1 of ours at home seems to have a little ringworm on her bottom lip and even under her nose - oh, not to mention on her cheek and above her eyes...ringworm is NOT fun at all!


----------



## mumof7kitties (Jan 27, 2013)

I'm guessing its probably from playing. Especially since she's a kitten. I think all of mine have at LEAST one scab on them somewhere. 

It doesn't look bad but if you notice an increase in swelling or the scab area gets really red and hot then take her to the vet. That's worse case tho. 


Sent from Petguide.com Free App


----------



## cinderflower (Apr 22, 2012)

if it's the patch on the right side closer to her neck (left in picture) it looks like ringworm to me.

i don't know if you can buy ringworm meds otc (well you'd probably want a diagnosis from a vet anyway) but it's a fungus and you can catch it yourself if that's what it is so i'd want to rule that out with a vet visit.


----------



## gizmoandloki (Nov 30, 2012)

rayrhonda said:


> Could it be an injury from them playing a little too rough? My one cat had a scab under his chin and it was from his sister's claws.


Hello, thanks for the reply!  Yeah I did think it could be that, but he's a bit prone to dry skin etc. I did take him to the vets in the end! Thanks!


----------



## gizmoandloki (Nov 30, 2012)

maggie23 said:


> sorry, i couldn't totally tell from the picture where the scab was and the details, but since i'm going through a bout of ringworm in my house right now (ack!), I just wanted to throw that out as a possibility, too. don't know if you think it might be worth putting a little ringworm cream on it in the meantime if you're going to just watch it for a while?
> 
> 1 of ours at home seems to have a little ringworm on her bottom lip and even under her nose - oh, not to mention on her cheek and above her eyes...ringworm is NOT fun at all!


Hello! 

Sorry, it's on the right hand side of his lip!
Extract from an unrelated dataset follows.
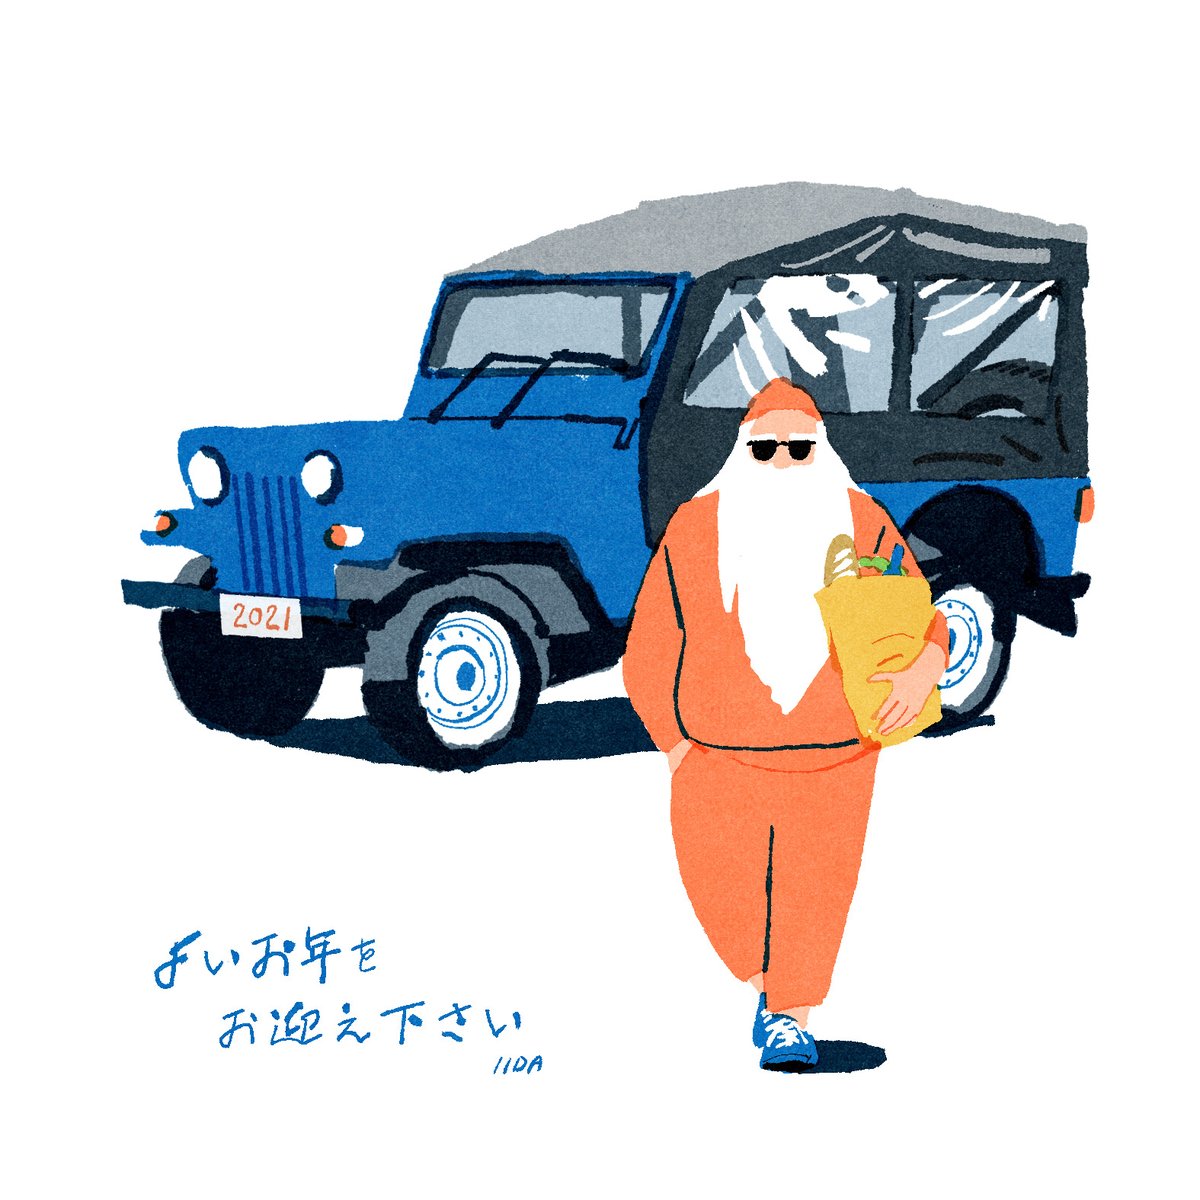 ground vehicle motor vehicle car orange pants vehicle focus bag holding bag  illustration images

The swelling was at the front below his bottom teeth. Oh gosh, that sounds horrible! I'll keep a look out, thank you!


----------



## gizmoandloki (Nov 30, 2012)

mumof7kitties said:


> I'm guessing its probably from playing. Especially since she's a kitten. I think all of mine have at LEAST one scab on them somewhere.
> 
> It doesn't look bad but if you notice an increase in swelling or the scab area gets really red and hot then take her to the vet. That's worse case tho.
> 
> ...


----------



## gizmoandloki (Nov 30, 2012)

cinderflower said:


> if it's the patch on the right side closer to her neck (left in picture) it looks like ringworm to me.
> 
> i don't know if you can buy ringworm meds otc (well you'd probably want a diagnosis from a vet anyway) but it's a fungus and you can catch it yourself if that's what it is so i'd want to rule that out with a vet visit.


Hello! I did end up taking him to the vets in the end, and he got a jab and some anti biotic tabs! The vet thought it could be feline acne and said it should clear up! 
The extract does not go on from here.